Could I say 'You're not'? No. "Thank you."
"Do you want, what, something?"
"Just, hah, just for you to treat me like normal. And don't let on."
"Okay. Hey, I had an idea."
"Yeah?"
"You might not want it, but. I have a - thingy. Brit got it because she, er-"
"Is it, what I think it is? A. Geez, a fake penis?"
"Yeah. Do you want it?"
"It's clean?"
"Still in the box. It's in Brit's room, we could have a sleepover Friday if you like. I mean, if you like sleepovers?"
"They're not bad. And I would like to pick it up, if I can have it."
"Sure. Okay. Guess I shouldn't tell Brit, though?"
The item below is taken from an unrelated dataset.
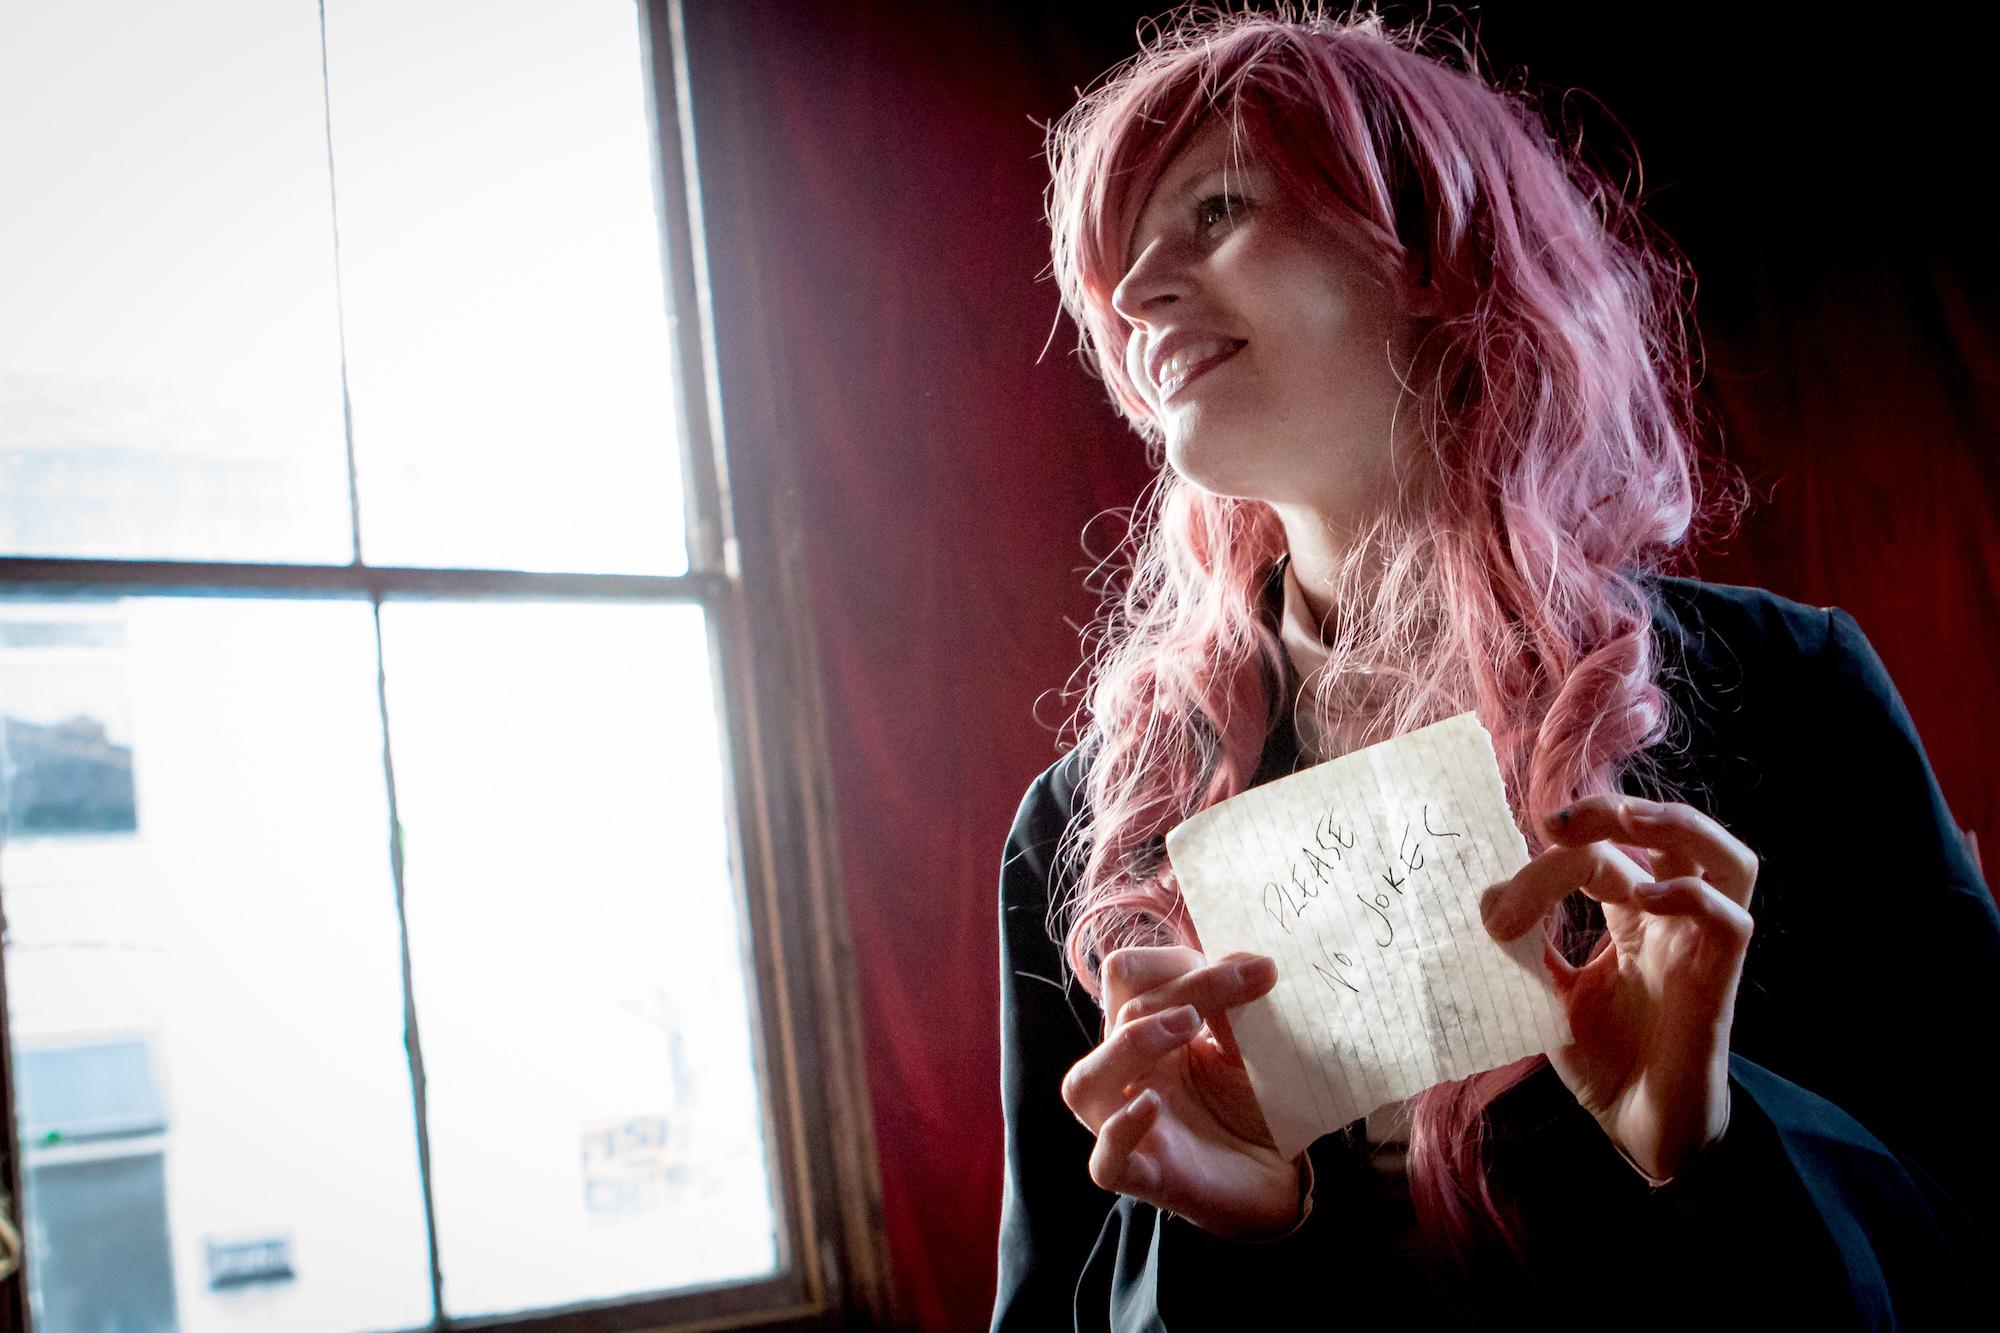 Jenny Hval, Gullivers Manchester, June 2015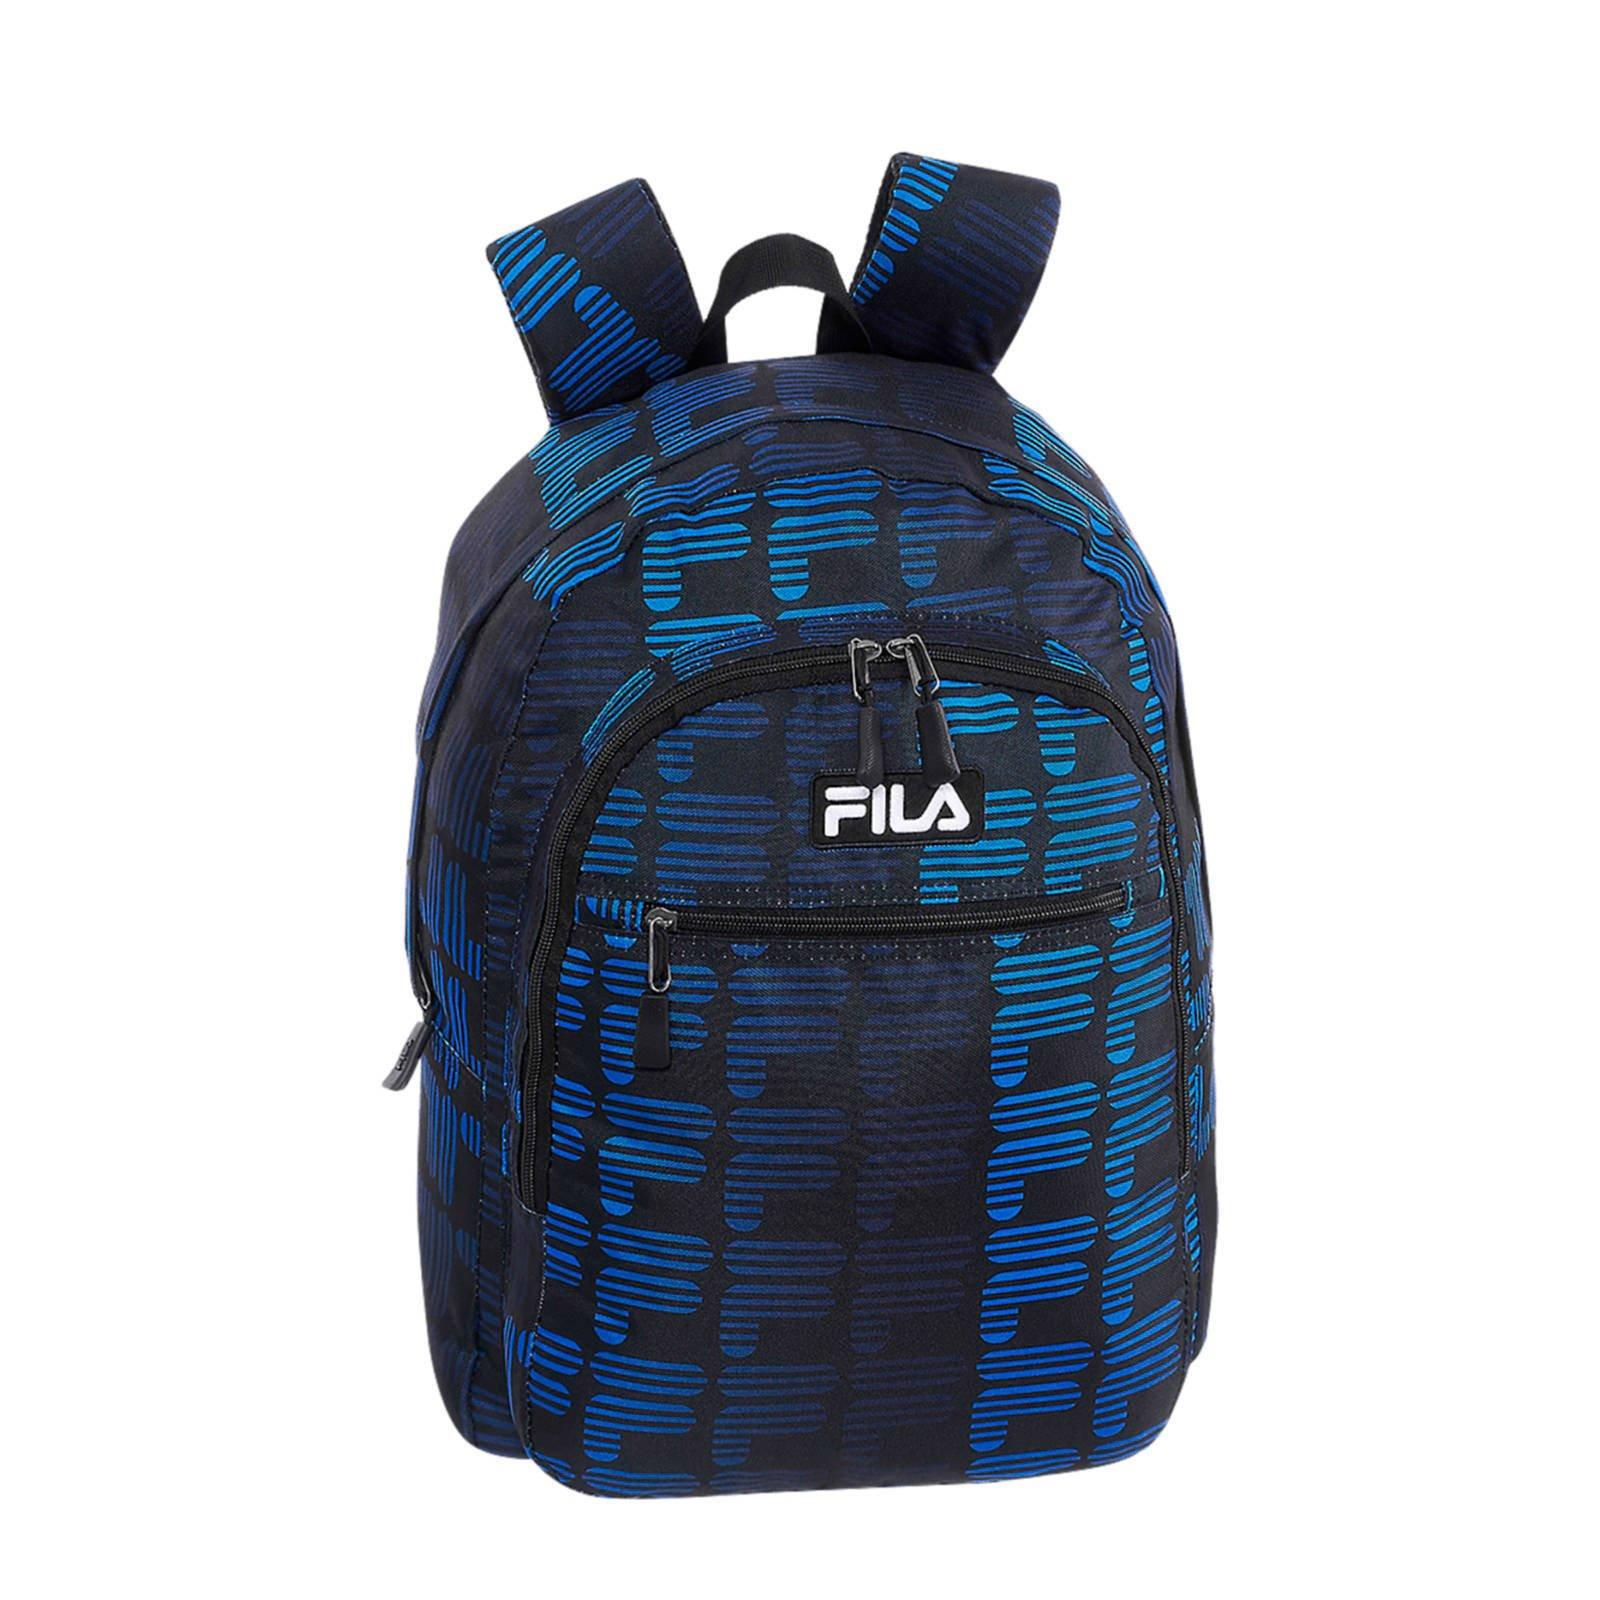 Zwarte rugtas blauw detail Fila maat

"Sorry you have to keep a secret."
"I know she'd just. Not even tell, but call you 'he' in front of everyone or something. Forget not to."
"Yeah. Thanks. See you in glee?"
So now me and Santana have an understanding and I just have to see what the new stupid ideas to get more members for glee are without wanting to punch Hudson.
Finn Hudson, who's now in a strop. He's a child. I have to tell him.
"Finn, why are you pouting like a newborn baby?"
Everyone stares. I guess I could have used a less sensitive analogy, even if I am the one should be sensitive about it. It was a general simile, though. Guess what, Finn didn't notice.
"Well," Puck interrupts as Finn looks like he's about to storm over and rip my head off, "Coach Beiste is a woman, but looks like a man, but does not, like really does not, like to be called dude. At all." He looks like he is trying to convey something to me. Probably either 'here's an opening to tell everyone', or 'don't be pissed off, dude, 'cos if Hudson had told you it would've been more offensive than what you just said about our kid'. I turn my eyes to Finn and back, then raise my eyebrows in question. Puck nods, which means it was the latter and I'm glad he knows, because I could well have got really mad at Finn and maybe said or done something I don't want yet.
Even so, Kurt audibly swallows when he notices that we're still staring at each other. Santana, sat next to him but sideways facing Brittany, hears him and then notices, too. One of them had better help this situation.
"Wow, Fabray, didn't think you actually liked Puckerman. Better get away from those tracks before they take you down to Lima Heights, or maybe detour into preggers city." Bitch. At least it was appropriate and totally saved us.
"Bitch, we all know that you were the 99 times conception didn't happen." I had to. Santana smiled at me a little when I sat down on Brit's other side, Shue obviously telling us to stop fighting again letting me zone out for the rest of the hour whilst he and Hudson talked about, I don't know, Journey, probably.